Discord also thrummed between Lord G. and wife Cora. Cora, who was suddenly doing and saying stuff—I was so shocked to see her so animated—has been made president of the local hospital, displacing the Dowager Countess. Lord G seemed disbelieving his wife had any ambition beyond saying “Oh Rabbberrrt” at the dinner table. She told him she wasn’t old.
More malevolence bubbled between Lady Mary and Lady Edith as the former tried to work out what possible secret the latter had. Lady Edith derided Lady Mary’s dreary squeeze, Henry Talbot, as an oil driver. Lady Mary wondered why any man, including Bertie Pelham, would want to take Edith on.
When Branson asked Edith why couldn’t she be happy for her sister, Edith correctly replied: “I’m as pleased for her as she would be for me.” Which was to say: not a jot.
Both Mary and Edith hung out with their prospective squeezes, and both kissed them—Mary dramatically in the rain, and Edith a little more prosaically, but it seemed “automatic” she noted, and therefore good.
Edith even took Pelham to the ‘night nursery’ where Marigold, George and Sybbie—the Crawley infants, none with conventional parental unit intact—sleep. She didn’t ‘fess up that Marigold was hers, and she better hope Mary doesn’t figure it out before she builds up the courage to do so.
Mary told Talbot his racing cars was a problem, what with her hubby Matthew dying in a car crash ‘n’ all, and Talbot’s bafflingly tone-deaf counsel after this heartfelt confession was to tell her to think of cars as her friend. Branson told her to go for it. She asked him why he was playing Cupid, which is on our minds too (the ‘eventual Mary-Branson union’ believers can allow themselves a smile here).
The practical Pelham had the best advice for when the Crawleys opened up Downton, pointing out they would need to guide visitors around the house. The aristos seemed incredulous about this: wouldn’t the proles just amuse themselves?
Sure enough, the Crawleys could only speak in the vaguest terms about the paintings and features of the house when the public arrived en masse—an event preceded with the by-now familiar every-episode-acknowledgment by Lord G that “the world has changed.”
Cora desperately pointed out a Reynolds paintings, some local noted it didn’t feel very cosy, and the Dowager Countess—furious to have been deposed and replaced by her daughter-in-law at the hospital—arrived, ready for battle.
Lady Mary interrupted her granny’s pugnacious progress long enough to ask, for the benefit of the visitors, what the fourth Earl had collected. “Horses and women,” the Dowager C snapped, before telling Cora she had betrayed her. She recommended that, in the choice between principle and logic, one should choose principle every time.
However, in a sweeter-paced scene, we saw that she did care if her nemesis and (really) best buddy Isabel was going to get it back on with Lord Merton, especially as she seemed to have the support of the latter’s new daughter-in-law (although, hmm, there was something off about her, didn’t ya think?).

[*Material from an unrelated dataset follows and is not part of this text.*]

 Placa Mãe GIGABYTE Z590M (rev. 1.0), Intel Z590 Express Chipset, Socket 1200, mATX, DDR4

Lord G managed to avoid his mother and wife’s contretemps, and instead found himself—in bed—face to face with a little tyke who had escaped a tour group. Why didn’t Lord G buy something more comfortable than the big house, the cheeky little invader asked. “You like what you’re used to,” said Lord G—struck you sensed, by the out-of-time futility of those very words.

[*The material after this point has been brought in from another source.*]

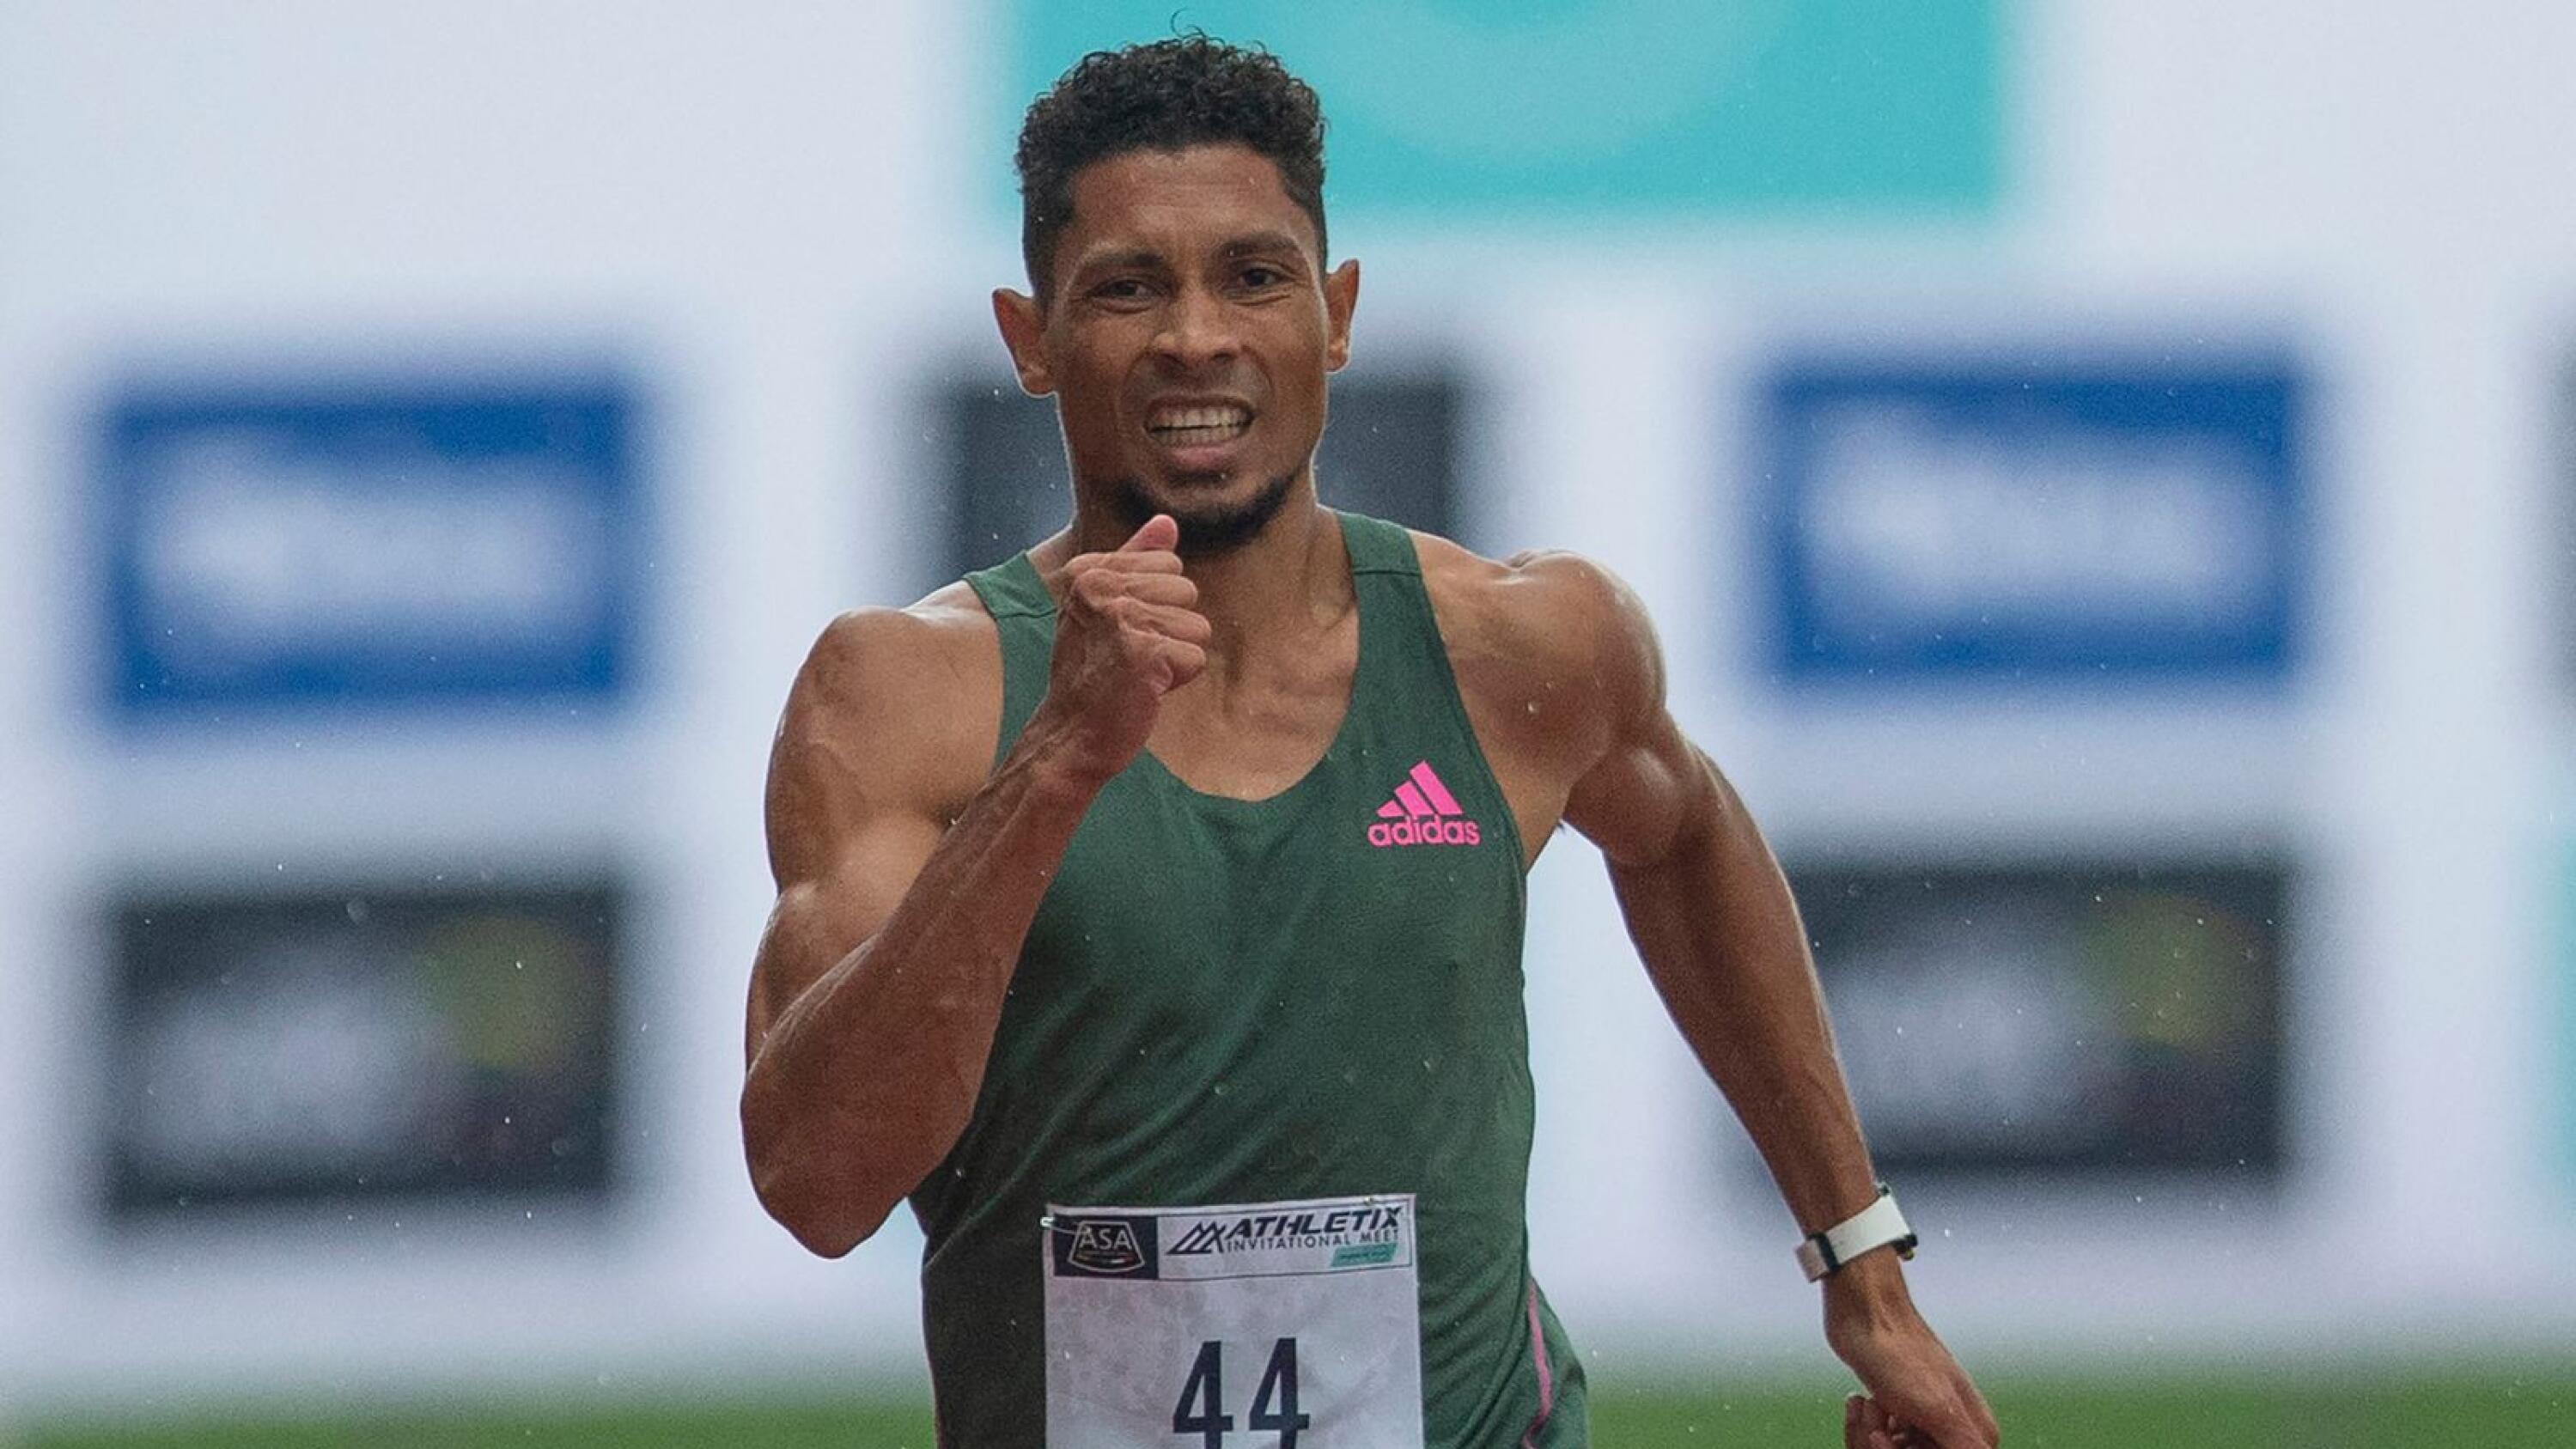 400m world record-holder Wayde van Niekerk finally booked his ticket to the Tokyo Olympics on Saturday night

It was, for the Crawleys, strange to be open themselves up to be seen as a living museum exhibit, although in just a few decades time, they or their descendants would be figuring out revenue streams around tea towels, cups, and T-shirts. The soothsayer Branson could see this oncoming slipstream of commercial modernity.
The tension the family faced was there in Lord G’s “We may not last forever,” contrasted to Lady Mary’s “We are not going anywhere.” And they won’t—well not for the next four remaining weeks of Downton at least, at the end of which we will discover how benevolently Fellowes intends to preserve the Crawleys and their servants in the aspic of history.